Myanmar makers confident despite sector slowdown

  • The Myanmar apparel export industry continues to grow, but at a slower pace than last year as a result of added political risk from the persecution and abuse against Rohingya Muslims on the border with Bangladesh, which has received widespread international condemnation.
  • Despite this, the sector is confident garment exports will likely exceed US$3bn in 2018, and footwear will exceed $400m.
  • It could also benefit from a shift in business away from China as US president Donald Trump steps up his tariff threats against the country.

Myanmar’s garment industry is likely to achieve exports of US$3bn for 2018, despite a slowdown in the growth of the sector amid huge ongoing social and environmental challenges in the country.

The number of new garment, handbag and related sewn products factories setting up in Myanmar reached 18 in the first six months of the year, according to figures from the Myanmar Directorate of Investment and Company Administration (DICA). This is lower than the same period last year when 40 newly-invested factories were registered.

Ongoing issues

The persecution and human rights abuses by Myanmar’s military against Rohingya Muslims in conflict-torn Rakhine state has resulted in many investors putting projects on hold. Earlier this year the C&A Foundation also put its philanthropic work in the country on hold; while leading European and US apparel brands have expressed their concerns about the situation.

The EU has also indicated it might not renew the Everything But Arms (EBA) trade preference arrangement that gives exports from Myanmar duty free treatment.

The Southeast Asian nation’s legal minimum wage increased from MMK3,600 to MMK4,800 (US$3.5) per day in May, which reports suggest is also casting a shadow on growth in the country.

Reports this week suggested 14 factories, mostly garment units, in Yangon’s industrial zones may shut down in the next two months due to rising cost of land and staff, leaving over 3,000 without jobs.
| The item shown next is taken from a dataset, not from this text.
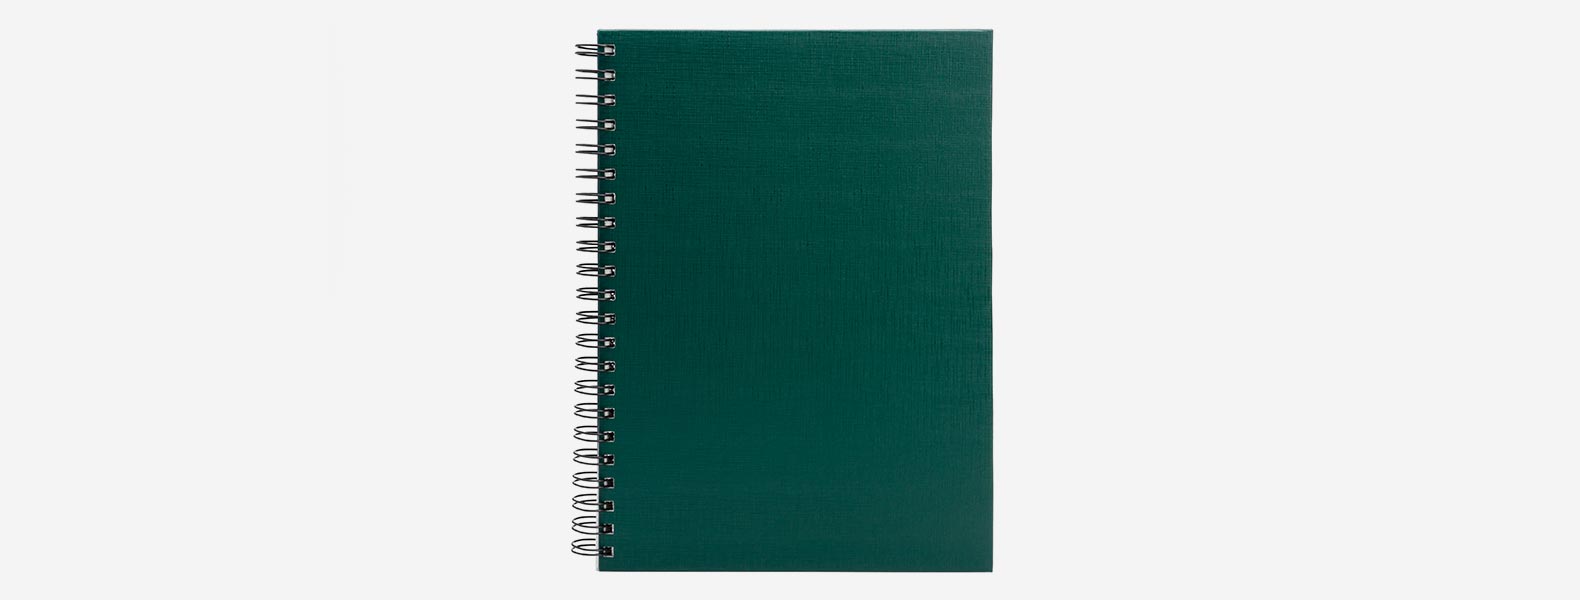 Caderno para anotações wire-o verde com capa dura revestida em percalux linho. Conta com folha para dados pessoais, calendário e 100 folhas pautadas. Gramatura da folha de 70 g/m2.

The report cited rising production costs, particularly wages, as the primary reason behind garment manufacturers “giving up.”

One local source, however, says the reports are false and that one of the companies named is still planning to expand further in Myanmar, while only six of the companies on the list of 14 are reportedly garment manufacturers.


Despite this, the uncertain trade situation between the US and China could turn in Myanmar’s favour, with foreign manufacturers showing an increased interest in expanding footwear and handbag production in Myanmar due largely to President Donald Trump’s tariff plans and announcements.

In 2016/2017, Myanmar exported over US$2.7bn worth of garments and over $300m worth of footwear, representing growth of 28% on the prior year. Jacob Clere, team leader for SMART Myanmar, is confident garment exports will likely exceed $3bn in 2018, and footwear $400m.

In 2017, around 47% of garment exports went to the EU, 27% to Japan, and the rest to Korea, Canada, the US, China, Turkey and elsewhere, according to figures from SMART Myanmar – an EU-funded initiative aimed at promoting ‘Made in Myanmar’ garments and sustainable practices.

“One of the best things that could secure the future growth of the industry is a strengthening of the reputation and foundation Myanmar is achieving among European and North American buyers for safety and responsible production,” says Clere.

“A majority of the factories in the industry here are now new, purpose-built production facilities. About one-third of production units in Myanmar’s garment industry are also now disclosed publicly by international buyers in their sourcing transparency pledges. In comparison, in 2013 only one factory in the industry was publicly disclosed by international buyers; now that number is 149 factories.”

Clere says this represents real progress. “There are huge social and environmental challenges, to be sure, but we have seen immense progress during these past five years, and as long as that continues I think the industry can continue on a successful growth path.”

SMART Myanmar launched a smartphone game in May to teach garment factory workers about workplace safety and labour laws.

The uptake, Clere says, has been positive. The Satyone Superstar app has had around 3,338 users since its launch three months ago.

“Both of these are targeted at spreading awareness on Myanmar labour laws and occupational safety and health,” Clere explains. “One of the great things about these apps is that they can cover parts of the country we cannot often directly reach. For instance, several hundred of our users have been in the smaller cities and towns of Myanmar.”

According to an overview of Myanmar on re:source, the new online strategic planning tool from the team behind just-style, one of the reasons the country is now playing catch-up in key areas ranging from compliance and sustainability, to infrastructure and energy is its isolation from world trade for more than a decade. The country’s financial institutions are still in their infancy, and there remains a need for more training resources to help bridge the industry’s skills gap.